The flexibilities introduced under CIGA are not mandatory, but directors may find them useful in planning how to hold shareholder meetings in the short to medium term. Where companies do intend to use the CIGA flexibilities, directors are strongly encouraged to consider beforehand the Best Practice Guidance for AGMs issued by the Department for Business, Energy and Industrial Strategy, and the Financial Reporting Council on 8 June 2020.
What are the key features of this Guidance?
- CIGA allows (but does not require) companies to hold fully or partially virtual meetings (with attendance and voting taking place electronically) without any requirement for a physical location for the meeting.
- In relation to quorum (minimum number of members required to validly conduct business), this also can be fulfilled by electronic means, without any members being in the same physical location.
- Companies can choose what method of communication to use for electronic meetings. It could include telephone calls or video conferencing.

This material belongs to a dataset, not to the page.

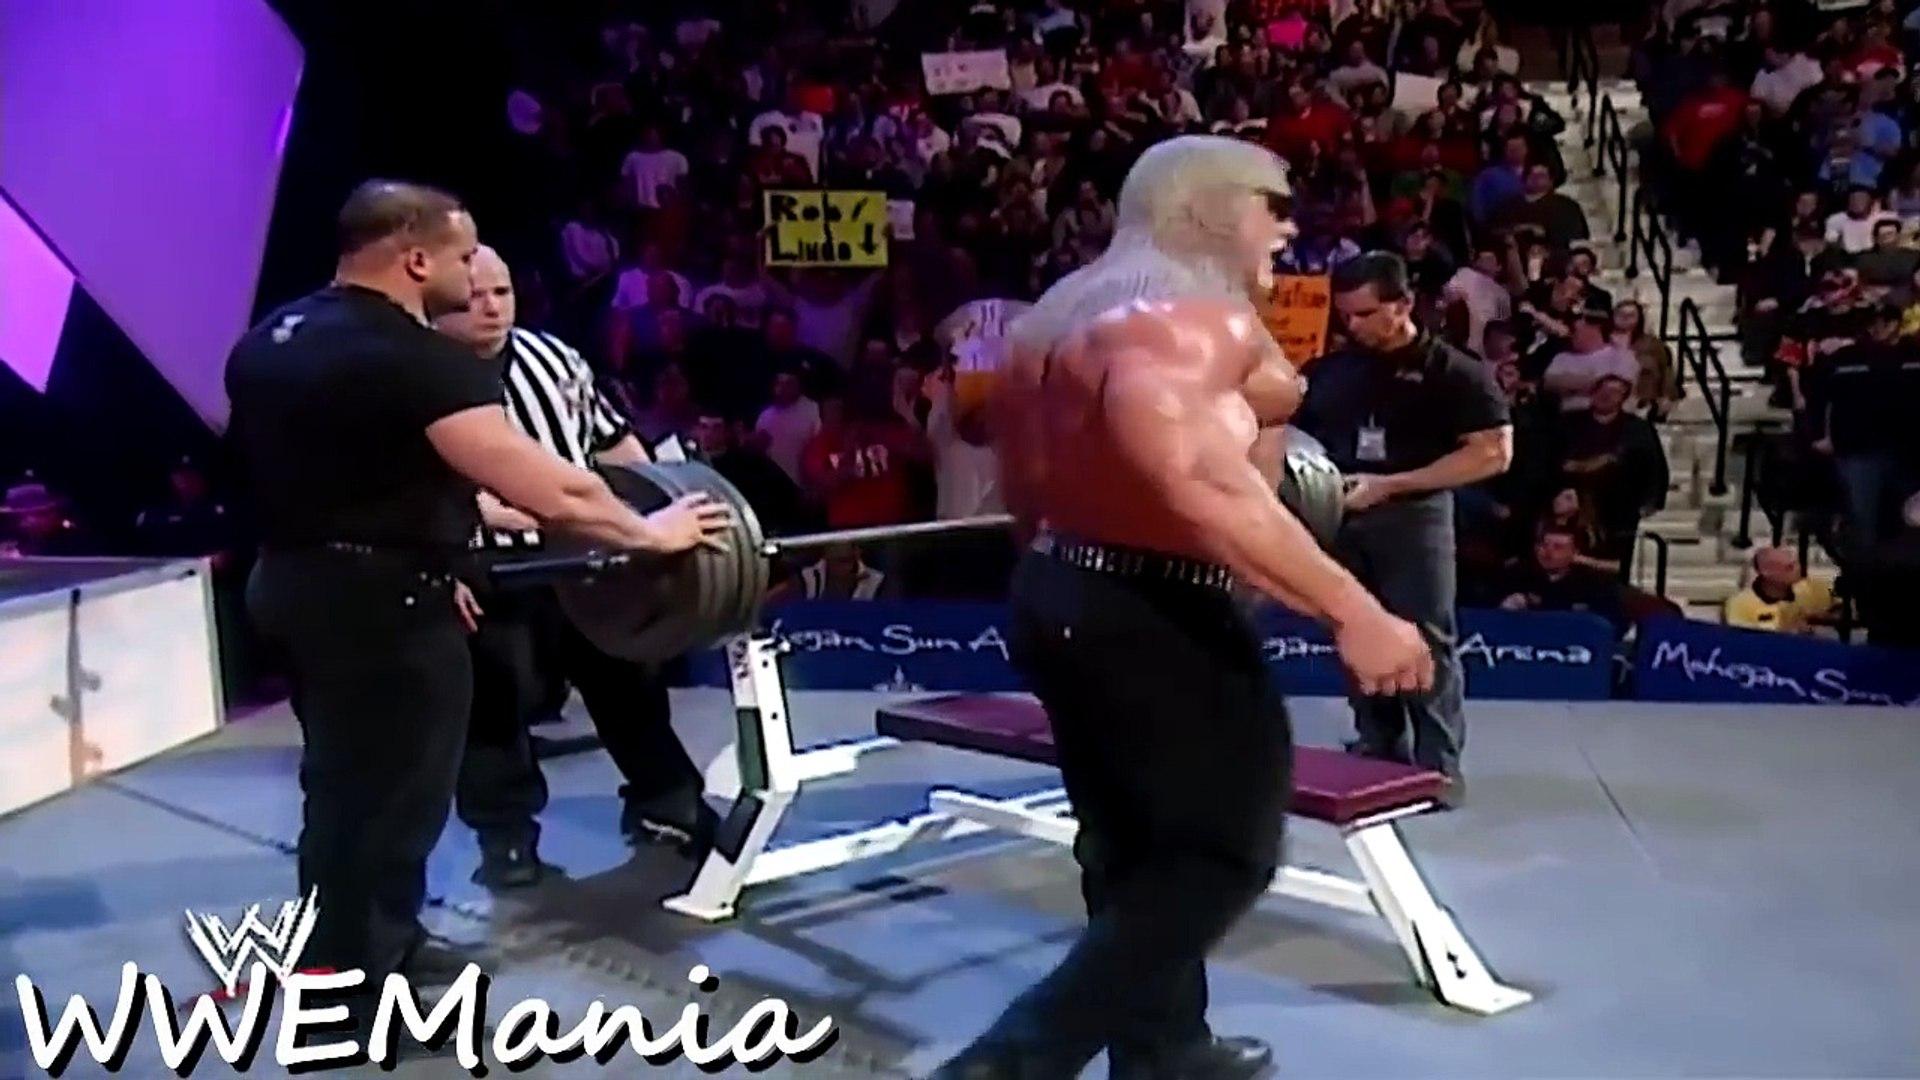 WWE SCOTT STEINER VS TRIPLE H - BENCH PRESS COMPETITION - RAW 2003 - WWE WWF Wrestling MMA Fighting

- Regarding voting rights, companies can choose how members may exercise these. In practice, if attendance is restricted, members may be allowed to vote using the chair of the meeting as their proxy or may exercise votes using an online facility or dedicated app.
- CIGA provisions relating to flexibility in holding meetings automatically override any contrary provision in a company’s articles of association.
- CIGA applies retrospectively to all meetings held on or after 26 March 2020. So, as of 26 June 2020 (when the meeting provisions of CIGA came into force) any shareholder meeting that was held on or after 26 March 2020 is valid if it complied with the looser procedural requirements in CIGA.
- Regarding a company’s AGM deadline, if the deadline ordinarily falls on a date falling between 26 March 2020 and 30 September 2020, the AGM may be held at any time up to 30 September 2020. Consider carefully if planning to take advantage of this, as it will have knock-on effects on the expiry dates of corporate authorities (such as authority to allot shares) and this should be borne in mind.
- The flexibilities in CIGA in respect of increased flexibility for meetings apply to charitable incorporated organisations (including Scottish charitable incorporated organisations). However, they do not apply to other types of charitable organisations.
The ICSA Guidance is a useful summary of the issues, but directors, companies and their advisers will need to take account of the company’s specific situation, including the provisions of the company’s articles of association and any changes in the legislation or subsequent Government advice.